Today, I found that machinelearning's application threshold has been reduced to such a low, almost easy. I really can't find any reason not to get into the deep understanding of it. As a headline, thank Google for its contribution to this technology development. Of course, maybe someone else did the 99%, Google did only 1%, I want to say, really beautiful 1%.

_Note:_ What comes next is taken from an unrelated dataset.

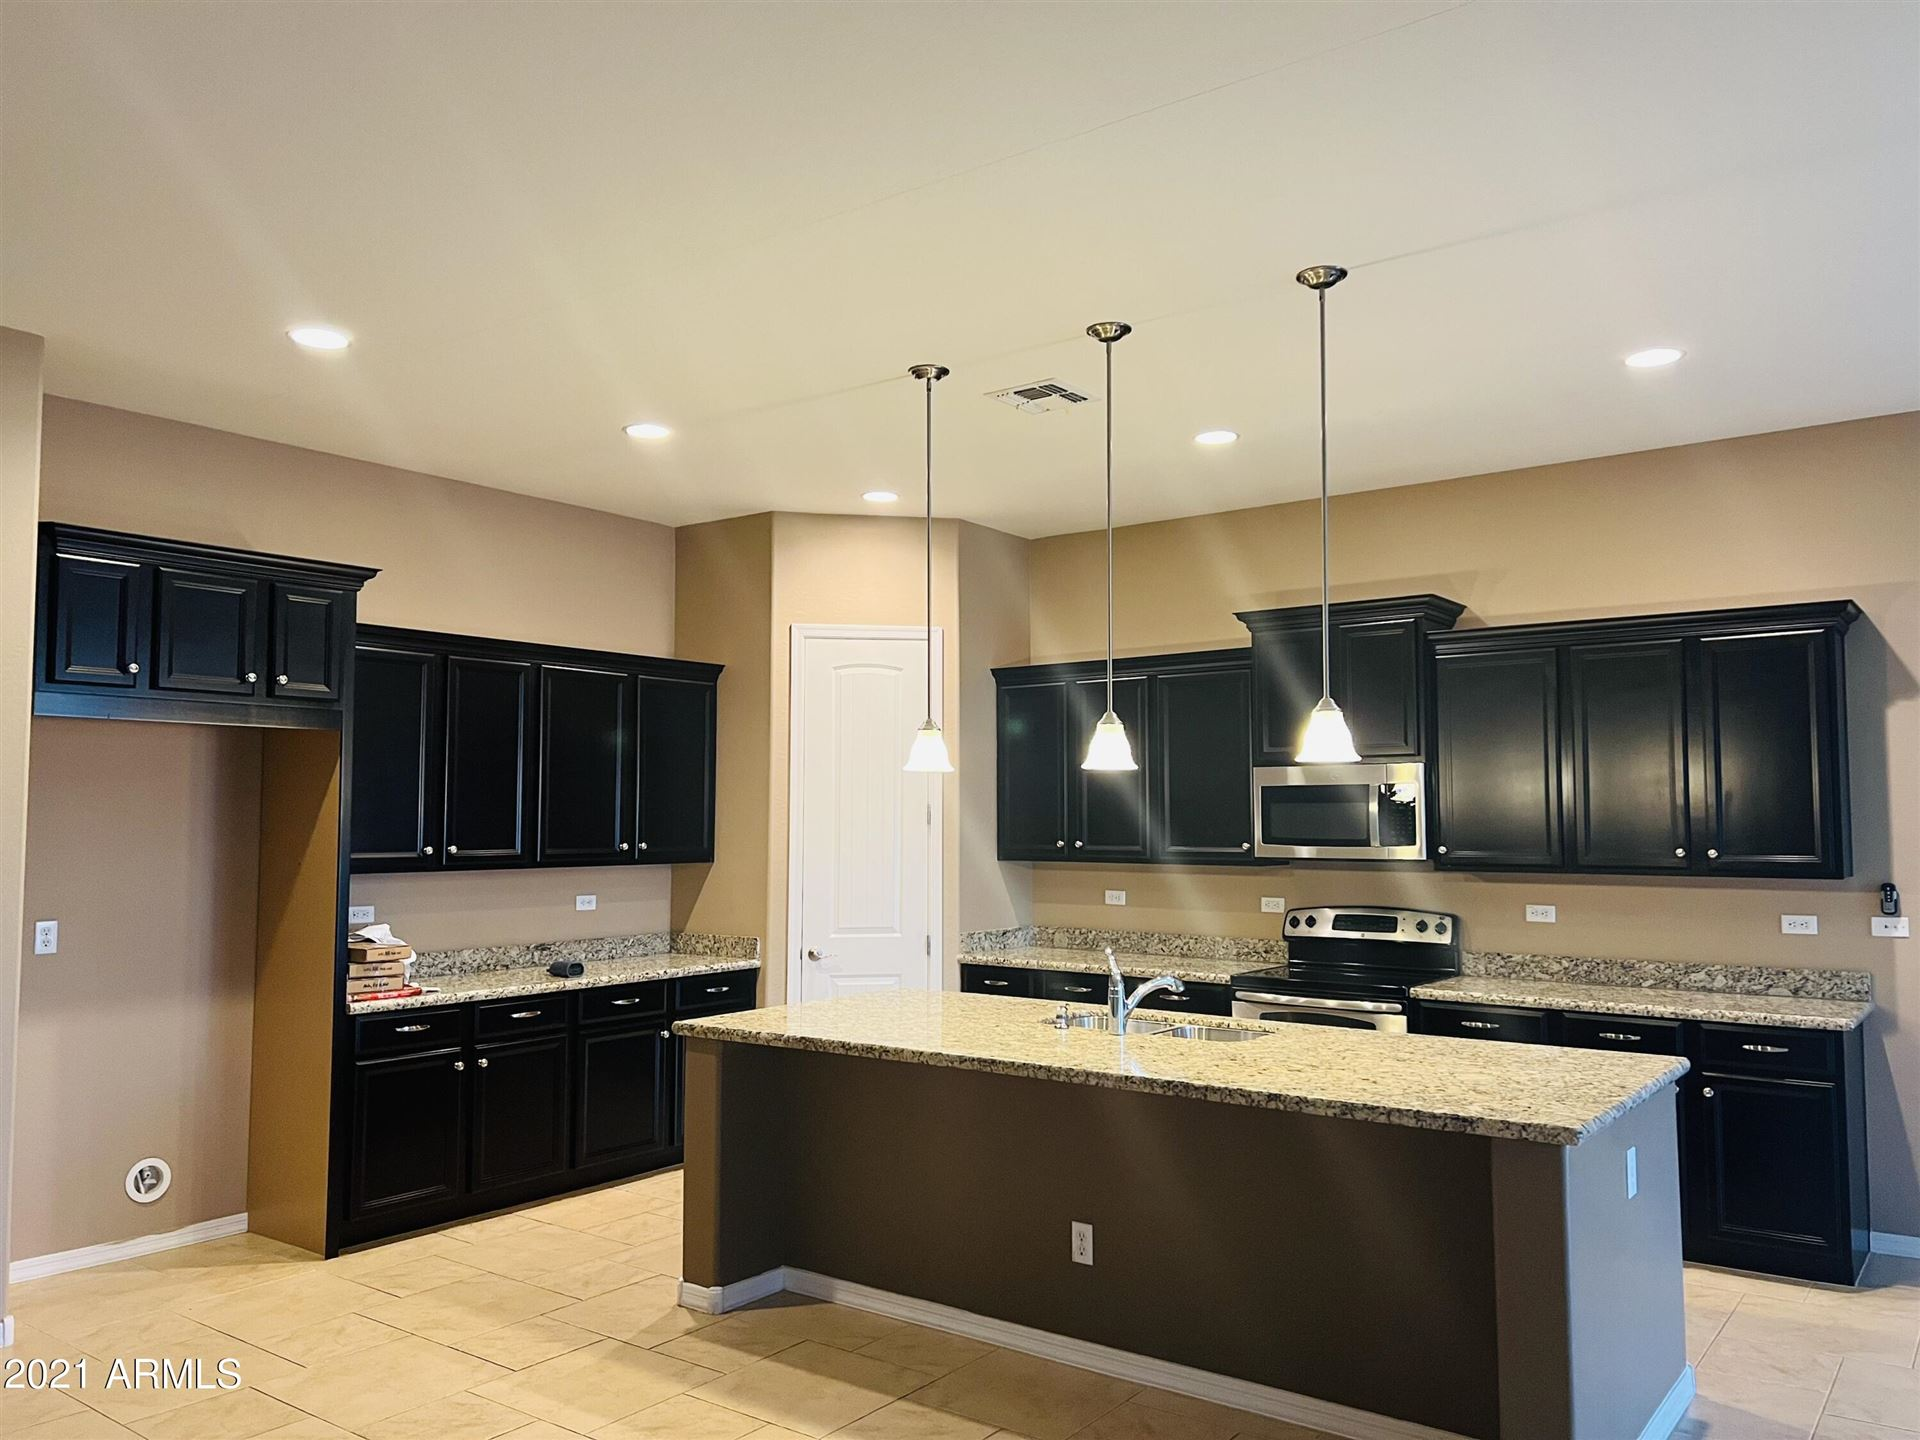 Photo of 20465 W HAMILTON Street, Buckeye, AZ 85396 (MLS # 6307571)

Cut to the chase, today's engineers from Youtube have completed the first machinelearning applet. As a Hello world to learn this skill.
is for the record.
1 fromScipy.spatialImportDistance2 defEUC (A, b):3 returndistance. (A, B)4 5 classknnclassifier ():6 defFit (self, X_train, Y_train):7Self.x_train =X_train8Self.y_train =Y_train9 Ten defPredict (self, x_test): Onepredictions = [] A forRowinchx_test: -Label =self.closest (Row) - predictions.append (label) the returnpredictions - - defclosest (self, row): -Best_dist =EUC (Row, self.x_train[0]) +Best_index =0 - forIinchRange (1, Len (self.x_train)): +Dist =EUC (Row, self.x_train[i]) A ifDist <best_dist: atBest_dist =Dist -Best_index =I - returnSelf.y_train[best_index] - - fromSklearnImportDatasets -Iris =Datasets.load_iris () inx =Iris.data -y =Iris.target to + fromSklearn.cross_validationImportTrain_test_split -X_train, X_test, y_train, y_test = Train_test_split (x, Y, test_size=. 5) the PrintX_train * PrintY_train $ Panax NotoginsengMy_classifier =Knnclassifier () - My_classifier.fit (X_train, Y_train) thepredictions =my_classifier.predict (x_test) + A fromSklearn.metricsImportAccuracy_score the PrintAccuracy_score (y_test, predictions)
A simple explanation of the above code:
1.1-3 rows are functions that reference the Euclidean distance in the distance class of scipy and are simply encapsulated. (Euclidean distance: The true distance between two points in N-dimensional space)
2.5-25, the classifier class is defined, and the key methods include fit and predict. Fit mainly assigns the incoming data to the internal variable, and the predict is returned to the expected Label based on the row sent in. The classifier here is our hand code, not the training. In fact, it's not really a machinelearning, but it's a good explanation of its internal principles. in machinelearning, we define the closet function that will be trained to, that is, model.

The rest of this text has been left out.